Sophie Heawood 

Smog

Islington Academy, London
  
  


There is not much competition in the alt.country hunk stakes, which may account for how Smog (real name Bill Callahan) has managed to date both Joanna Newsom, his current squeeze, and Chan Marshall, alias Cat Power. Of course, the tight-jeaned Chicago native is not without his charms, but he is a notorious misanthrope, with 12 albums of dark musings on brambles, bullets and bathyspheres under his cowboy belt. Perhaps that is the appeal.

Throughout tonight's show, Smog maintains the stern yet smooth expression of a Hollywood cop issuing a speeding ticket. From time to time he tenses up in dread of yet more feedback surging from his guitar. It seems the sound engineers have taken the night off, leaving Smog in a venue that has already failed him simply by being too big and impersonal.

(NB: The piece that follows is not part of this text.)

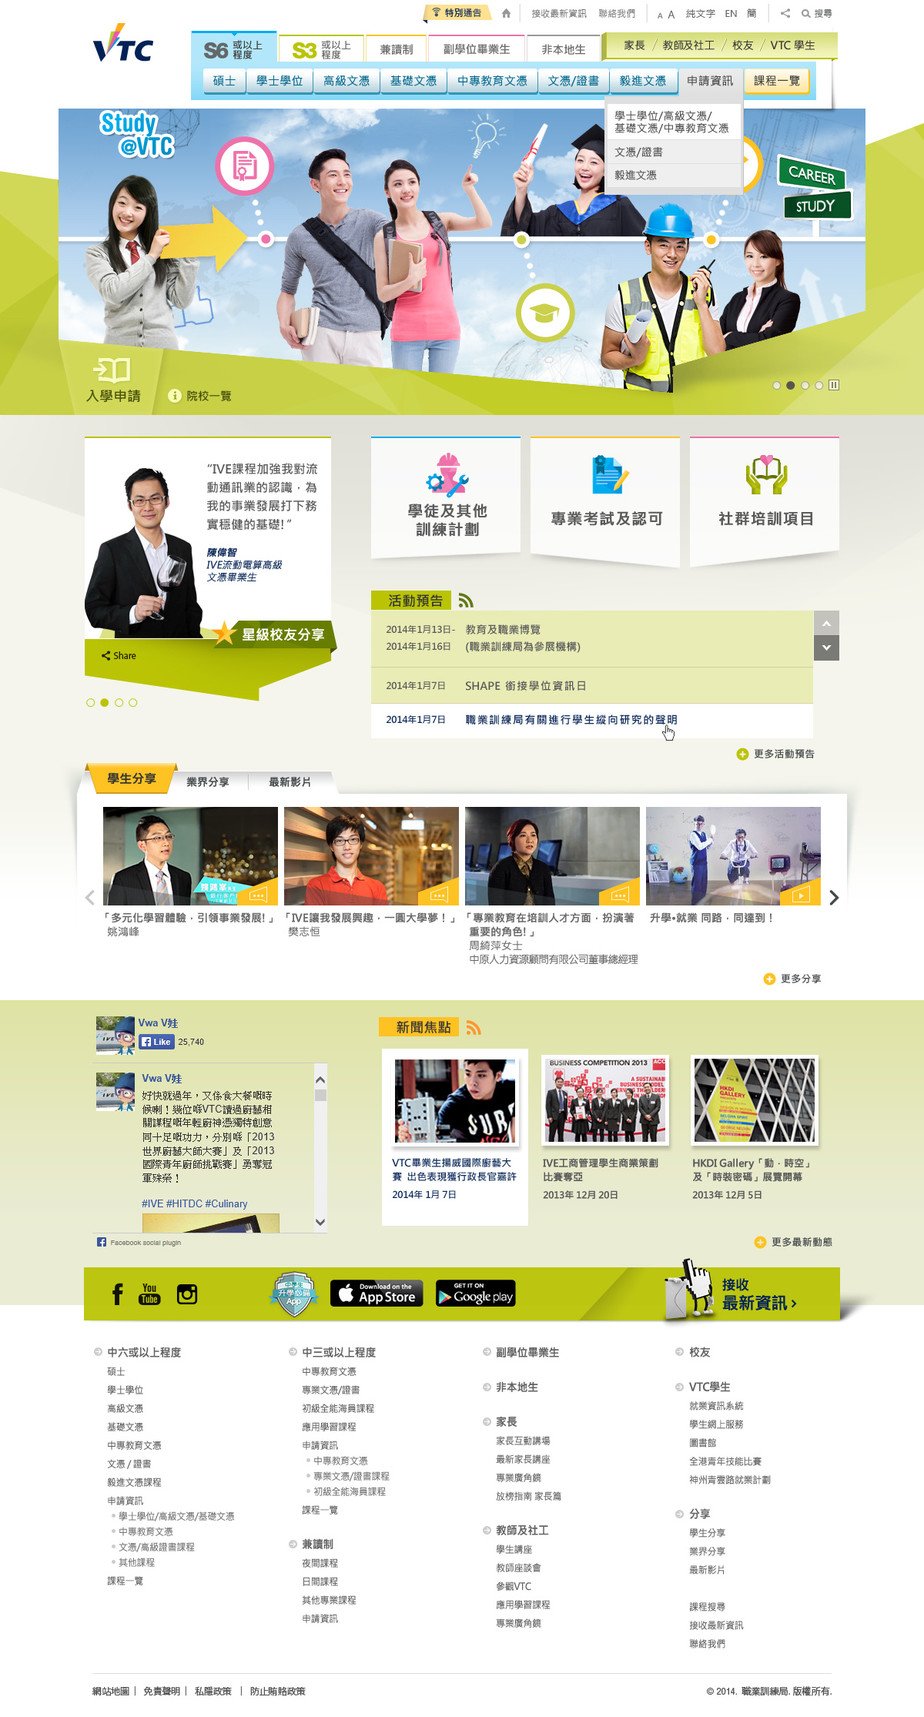 Vocational Training Council website screenshot for desktop version 1 of 8
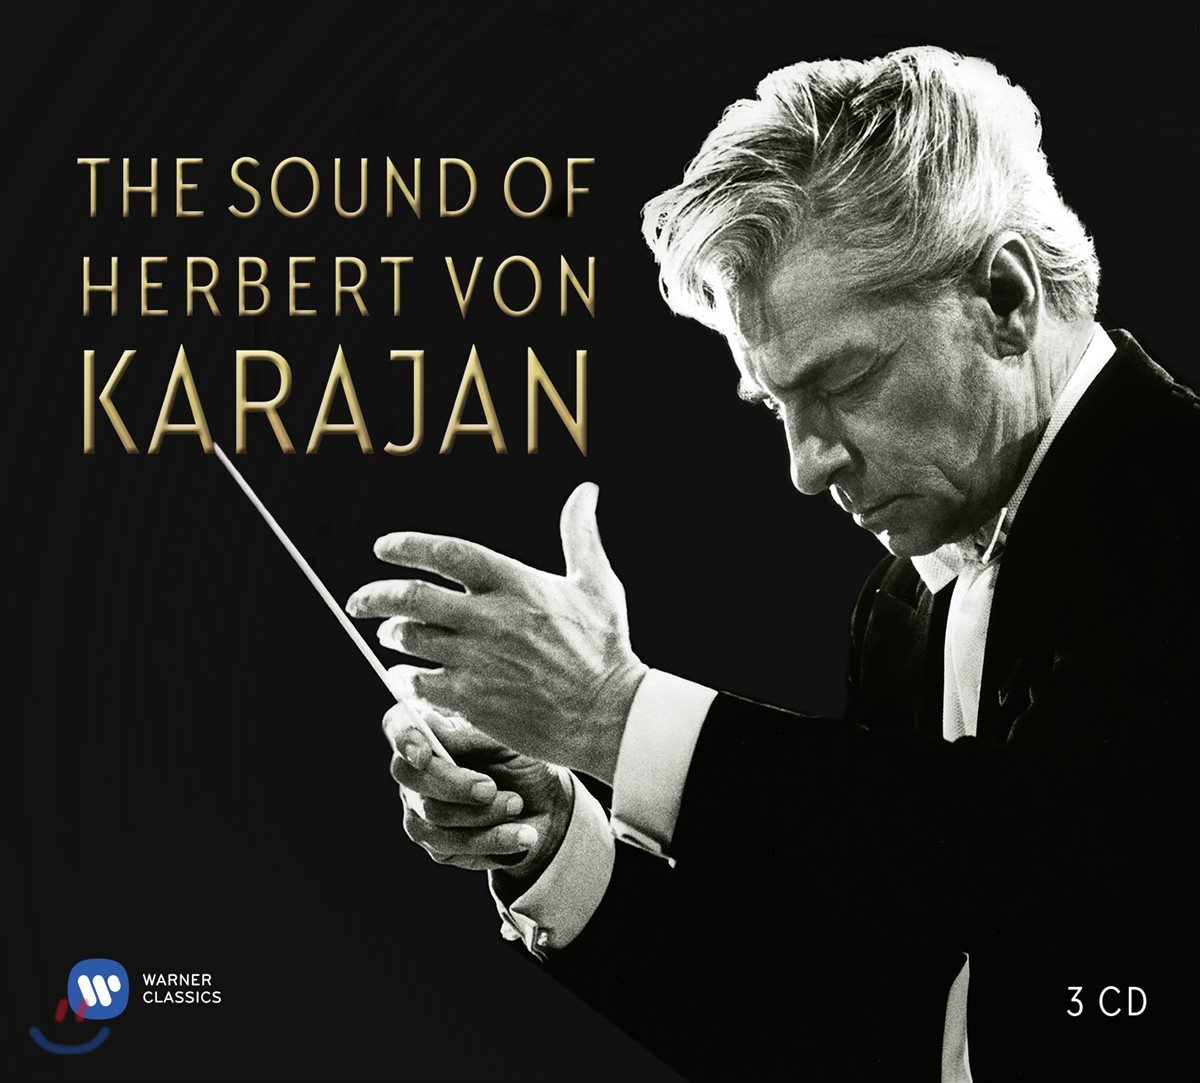 Herbert von Karajan 카라얀 사운드 - 드보르작: 교향곡 8번, 9번 / 라벨: 볼레로 / 드뷔시: 바다 / 차이코프스키 & 라흐마니노프: 피아노 협주곡

While Smog's rich, oaken baritone has no problem carrying across the hangar-like room, you feel the need for rugs and a campfire to really lose yourself in it. This is the problem with the vogue for all things country and folk - as demand grows, intimate musicians are booked by ever bigger venues, with something getting lost along the way.

Tonight Smog gets through much of his new album, A River Ain't Too Much to Love. Like the watery imagery that runs through them, the songs swell and ebb, sometimes surging around a whirlpool of intense strumming and drumming, or a lyric about gambling men and rape. Rock Bottom Riser, a love song to Smog's family, is a particular winner, seemingly revealing a new-found happiness in the man. But it's unwise to read too much autobiography into these unreliable narratives.

Later he raises enormous cheers by playing old favourites Blood Red Bird, Justice Aversion, Our Anniversary and Held. But the venue and his tight-lipped demeanour make us feel as if we were on the wrong side of Smog's smokescreen.